3. In the high-tech cybernetic society of Neuromancer, Neo-Aztec bookshelves are analog symbols of wealth, power, and prestige. Protagonist Henry Dorsett Case meets with his shadowy employer, Julius Deane, in Deane’s office where they are surrounded by Neo-Aztec bookshelves.

“His offices were located in a warehouse behind Ninsei, part of which seemed to have been sparsely decorated, years before, with a random collection of European furniture…Neo-Aztec bookcases gathered dust against one wall of the room. If the furniture scattered in Deane’s makeshift foyer suggested the end of the past century, the office itself seemed to belong to its start,” explains the narrator of William Gibson’s Neuromancer. (William Gibson, Neuromancer)

4. Jedi Archives, Star Wars

The Jedi Archives were part of a vast library put together by the Jedi Order, cataloging thousands of years of knowledge. The bookshelves in the Archives were easily identifiable wooden shelves, but the books on the shelves were digital. The Jedi Archives show a brilliant juxtaposition of “new” book technology with “old” bookshelf design.

5. Khan’s Bookshelf on the Botany Bay, The Wrath of Khan

On the desolate plant Ceti Alpha 5, the genetically engineered Khan has a shelf full of books from Botany Bay’s cargo hold that contains the Bible, Paradise Lost, Moby Dick, The Inferno, and King Lear.

6. Captain Picard’s Elusive Bookshelf, Star Trek (The Next Generation Season 4; episode 2)

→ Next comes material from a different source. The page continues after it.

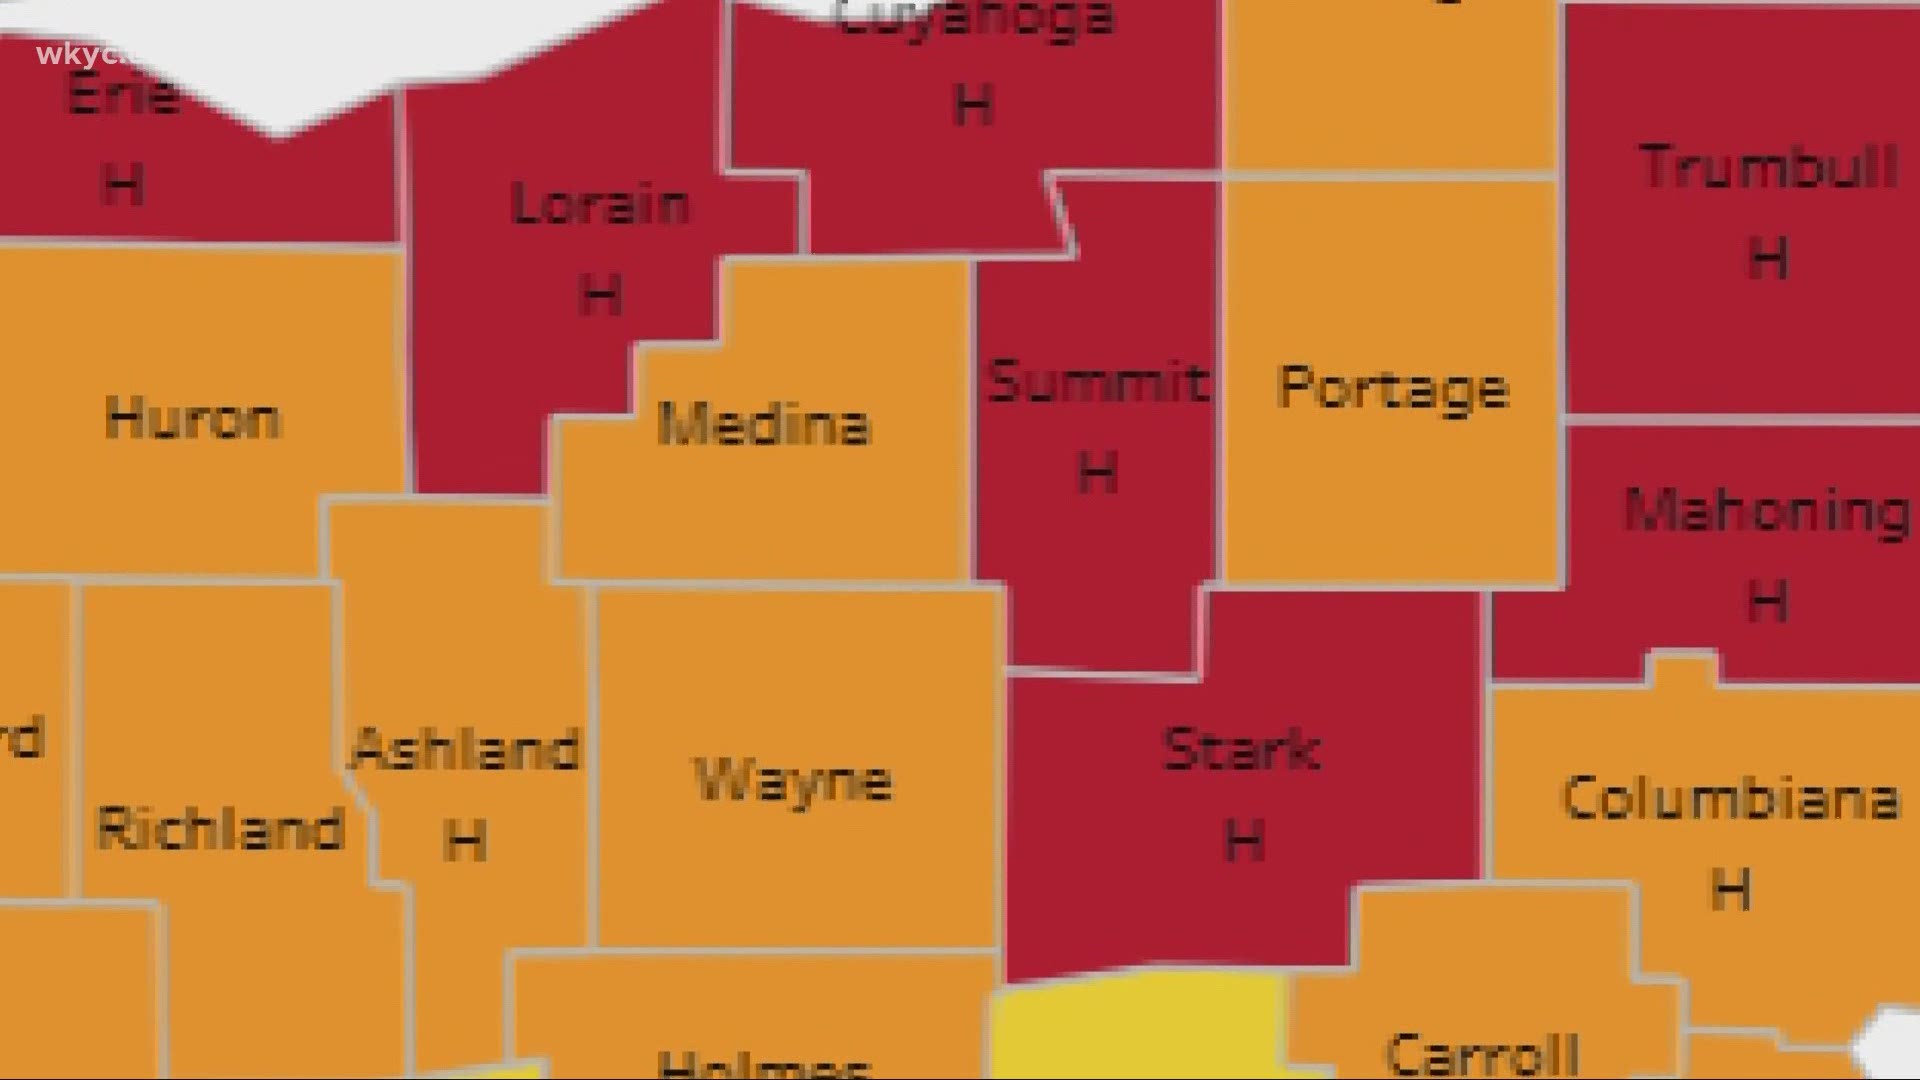 Several counties in Northeast Ohio remain under a Level 3 "red" alert for COVID-19 spread.

At 2:05 minutes into the episode, viewers glimpse a bookshelf in Captain Picard’s personal quarters. (The shelf isn’t included in past episodes and it doesn’t make another appearance.) But this particular TNG episode is about the starship crew connecting to family on Earth, and a bookshelf brilliantly captures the nostalgia for Earth of the past that so saturates this episode.

7. Captain Adama’s office, Battlestar Galactica

In Battlestar Galactica, the few bookshelves that do appear show up in Admiral Adama’s office on the old, archaic battleship Galactica. The shelves are wooden ones with books facing every which-way. The bookshelves remind the audience of the age of both the admiral and the ship.

These seven are by no means the entirety of science fiction’s bookshelves. These are props, McGuffins, set pieces, plot devices. But, more significantly, they are rare objects in our collective imagined futures — because we don’t expect to see bookshelves, they take us by surprise.